Provided entries
%%

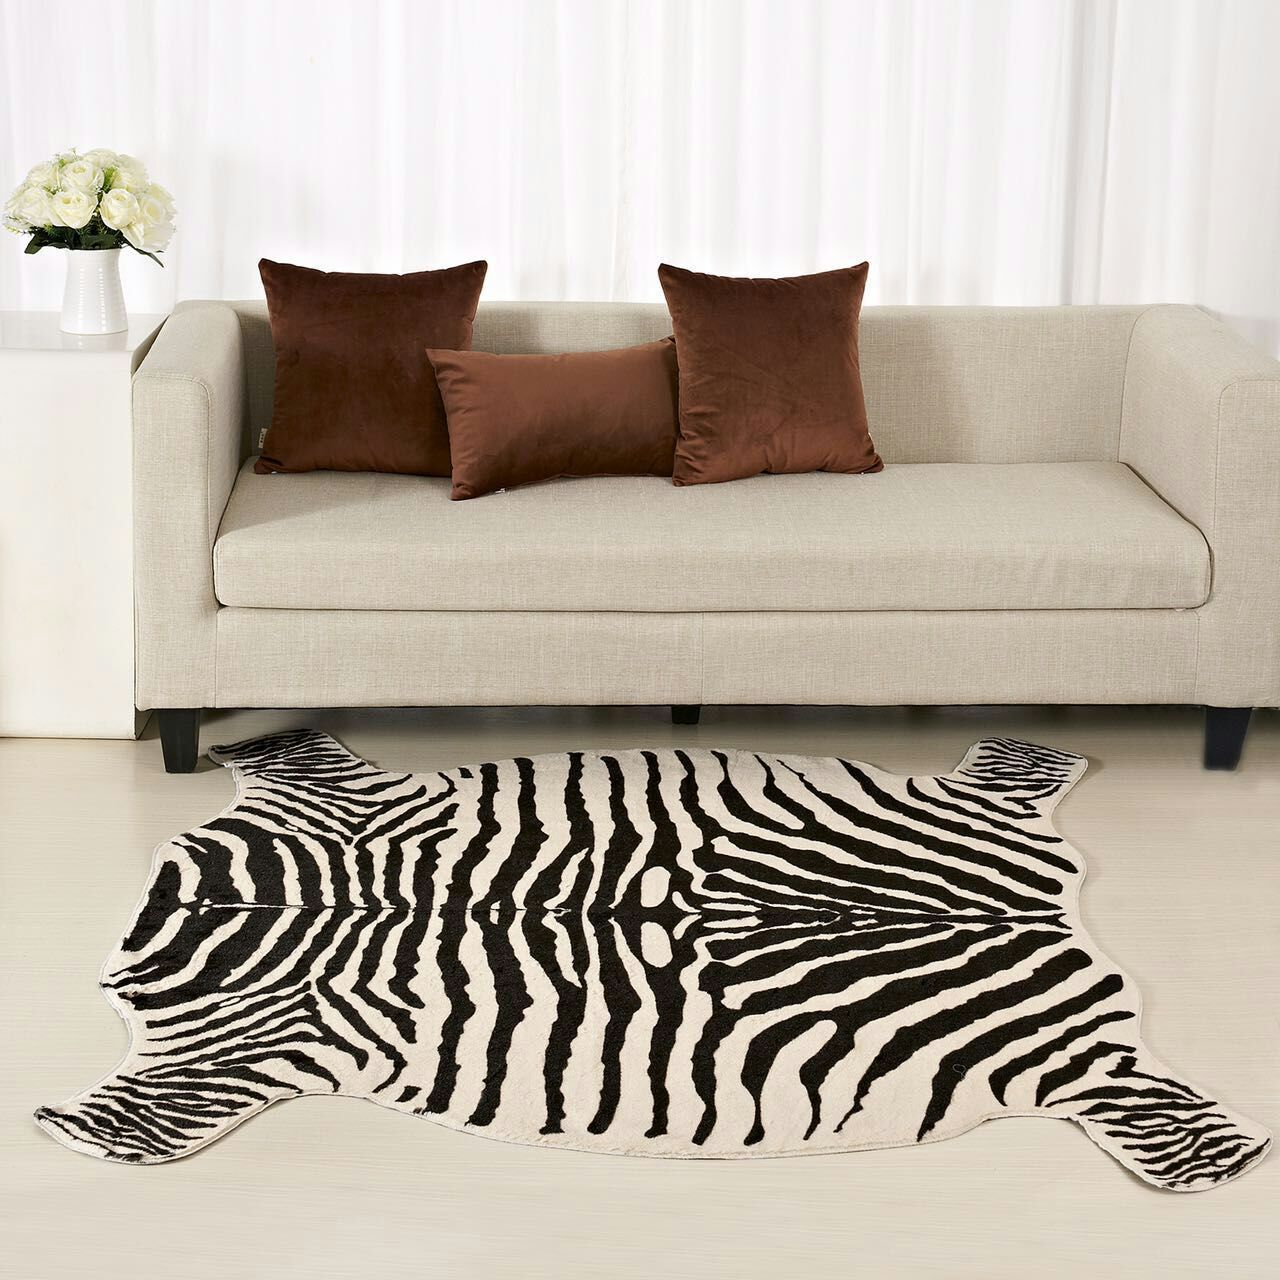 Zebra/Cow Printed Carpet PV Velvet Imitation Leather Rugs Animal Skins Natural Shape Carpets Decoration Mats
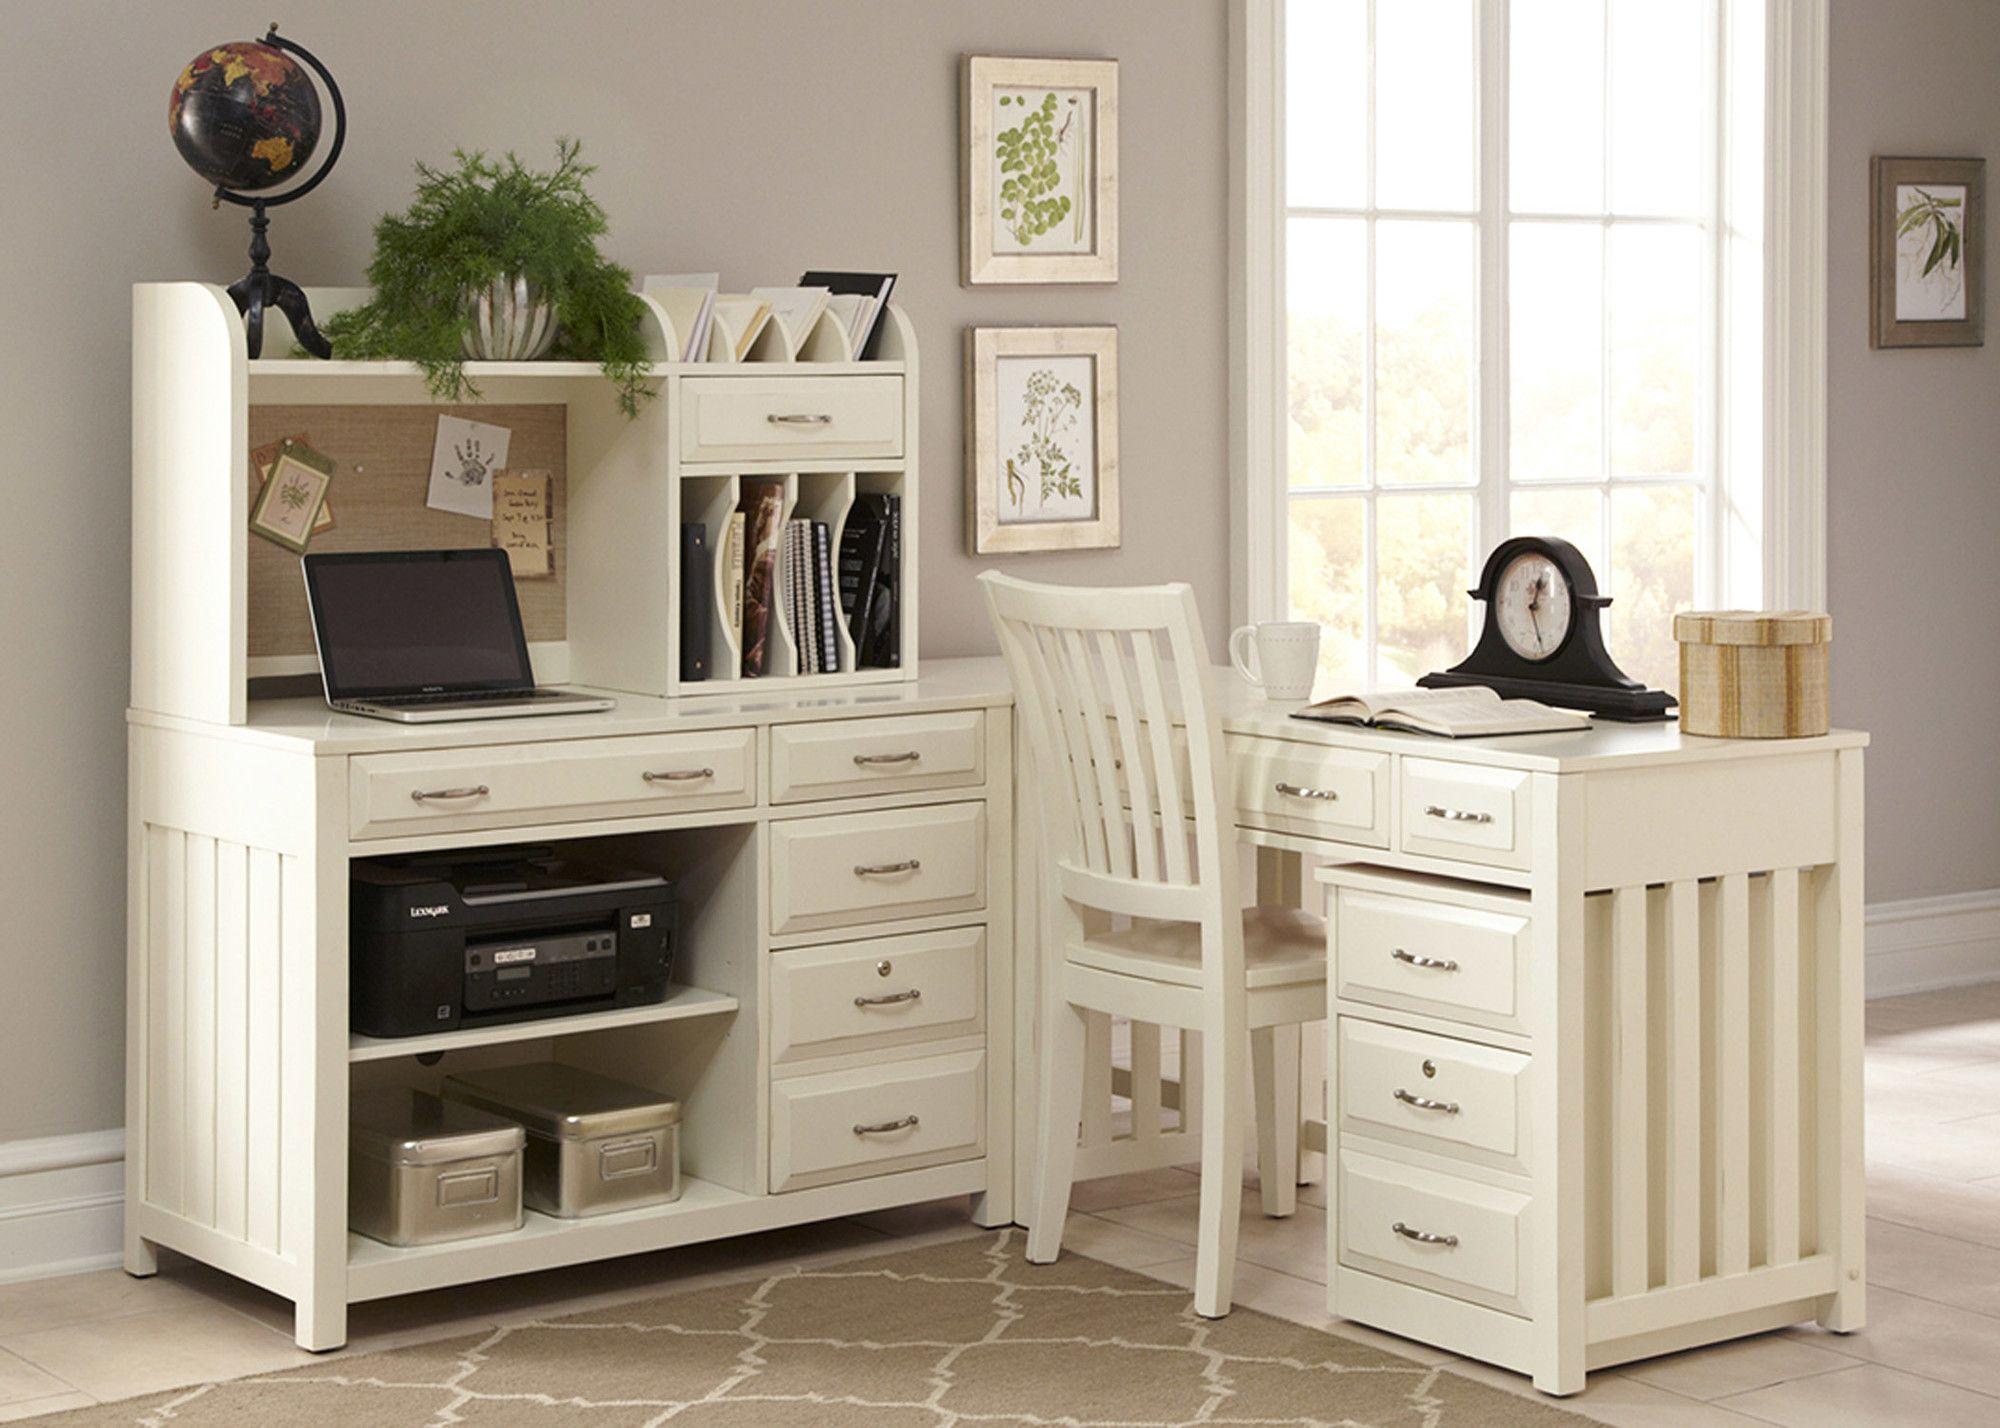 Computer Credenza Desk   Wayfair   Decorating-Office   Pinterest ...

%%
%%

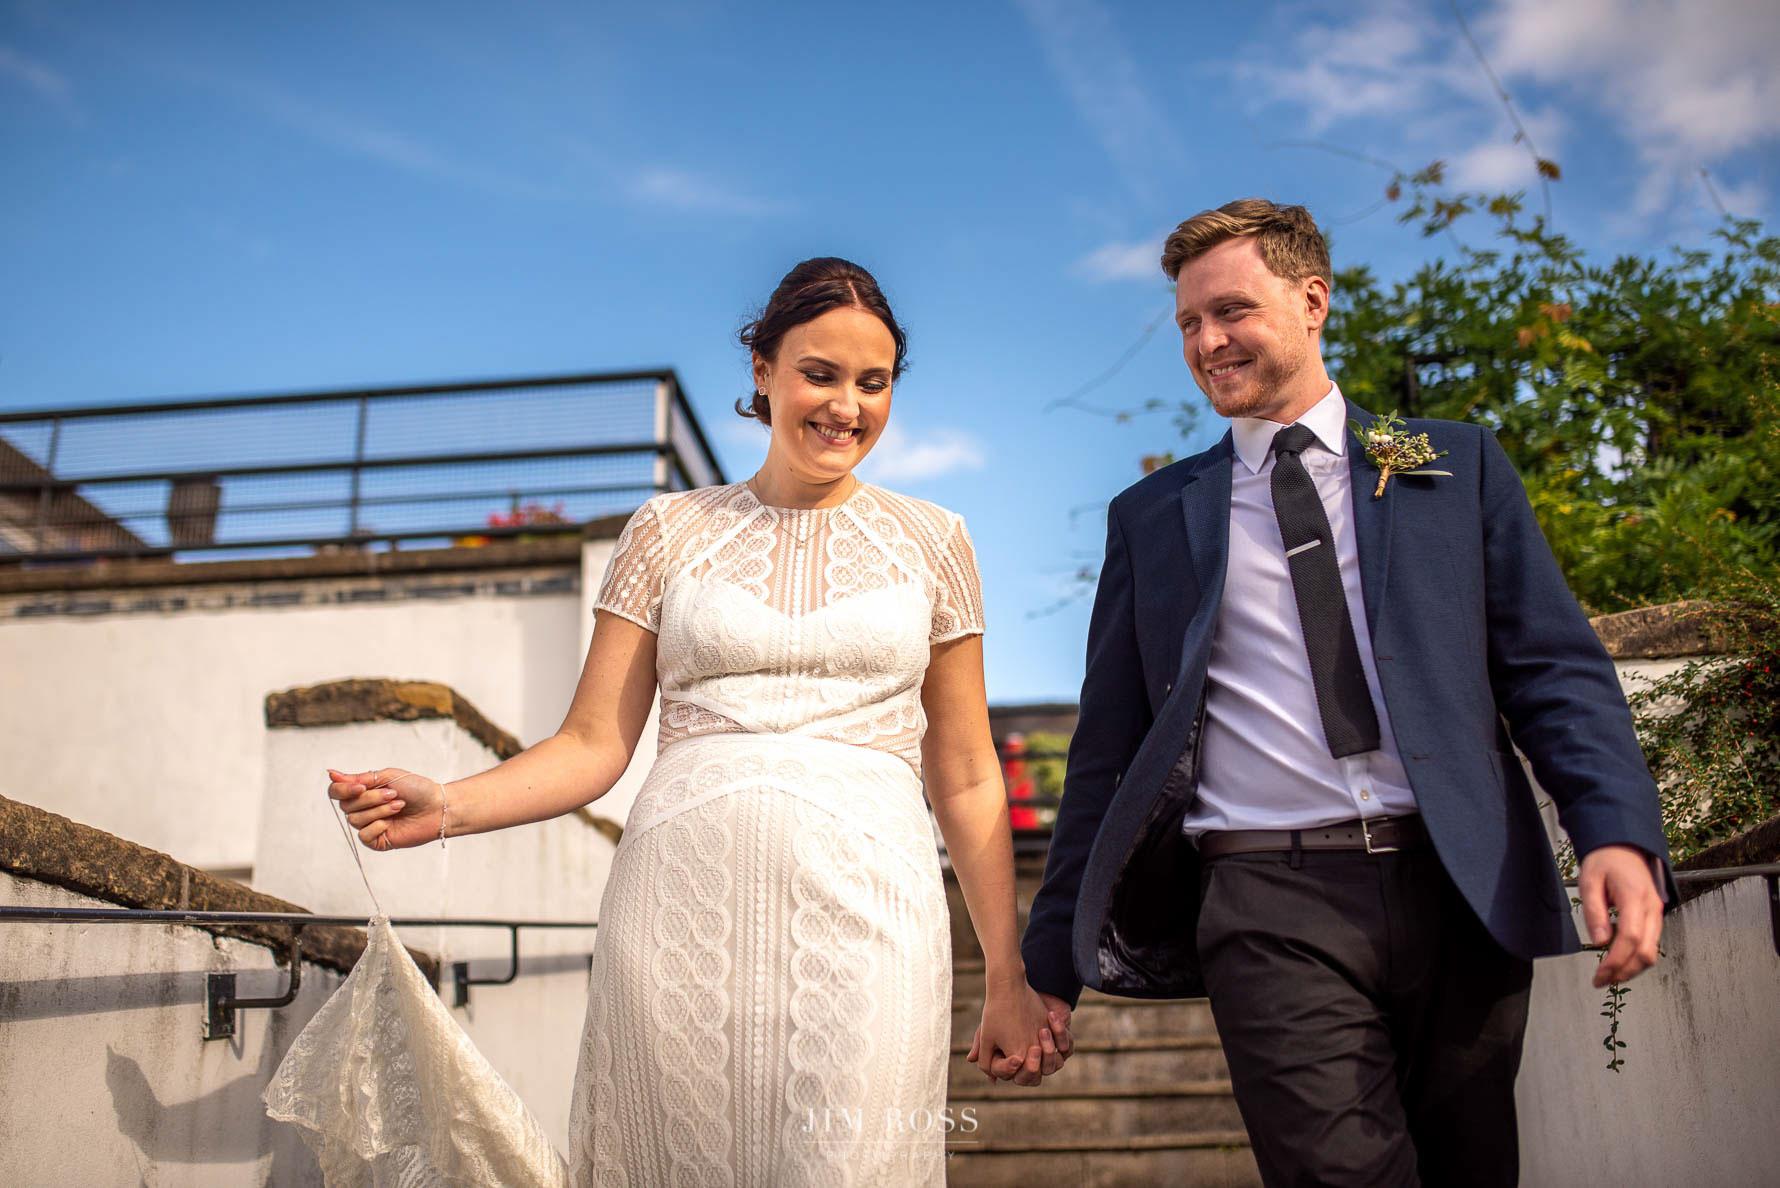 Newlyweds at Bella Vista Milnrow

%%
%%

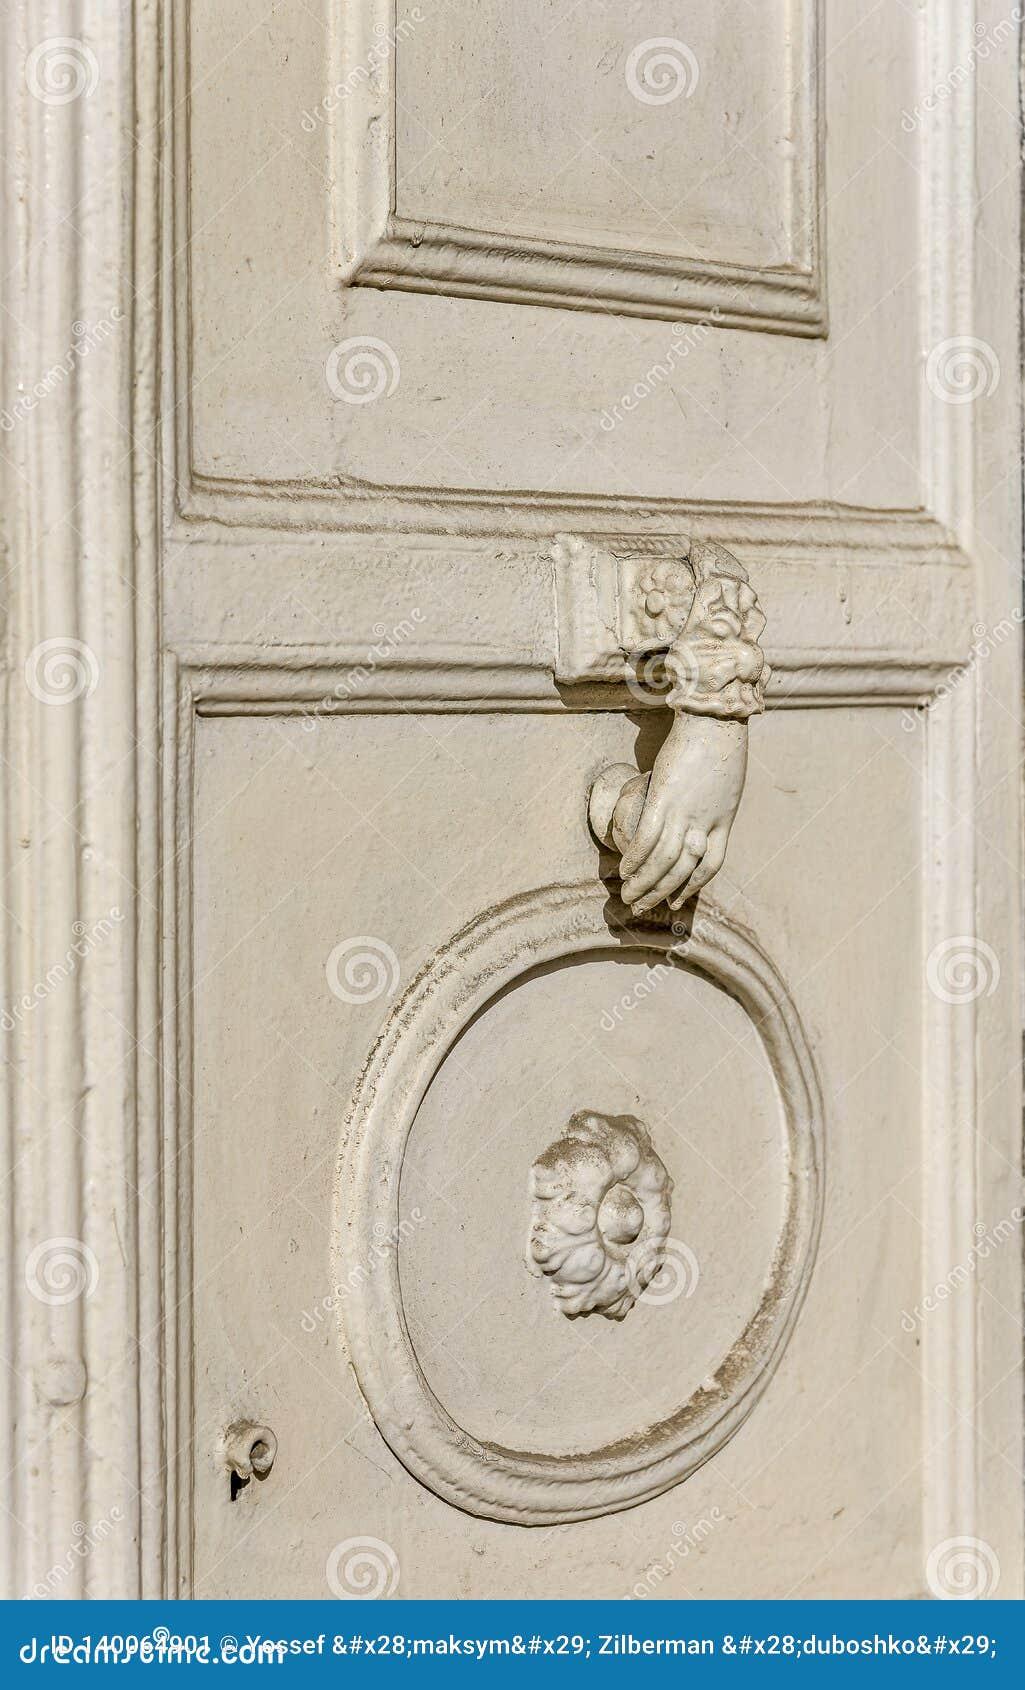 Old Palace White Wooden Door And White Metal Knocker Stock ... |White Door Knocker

%%

What is being asked
Above this task is a listing with pictures in it. Retype only the lines from the one containing "Zebra/Cow Printed Carpet" through the one containing "Computer Credenza Desk", both included, and not the pictures.

Solved problem
 Zebra/Cow Printed Carpet PV Velvet Imitation Leather Rugs Animal Skins Natural Shape Carpets Decoration Mats
 Computer Credenza Desk   Wayfair   Decorating-Office   Pinterest ...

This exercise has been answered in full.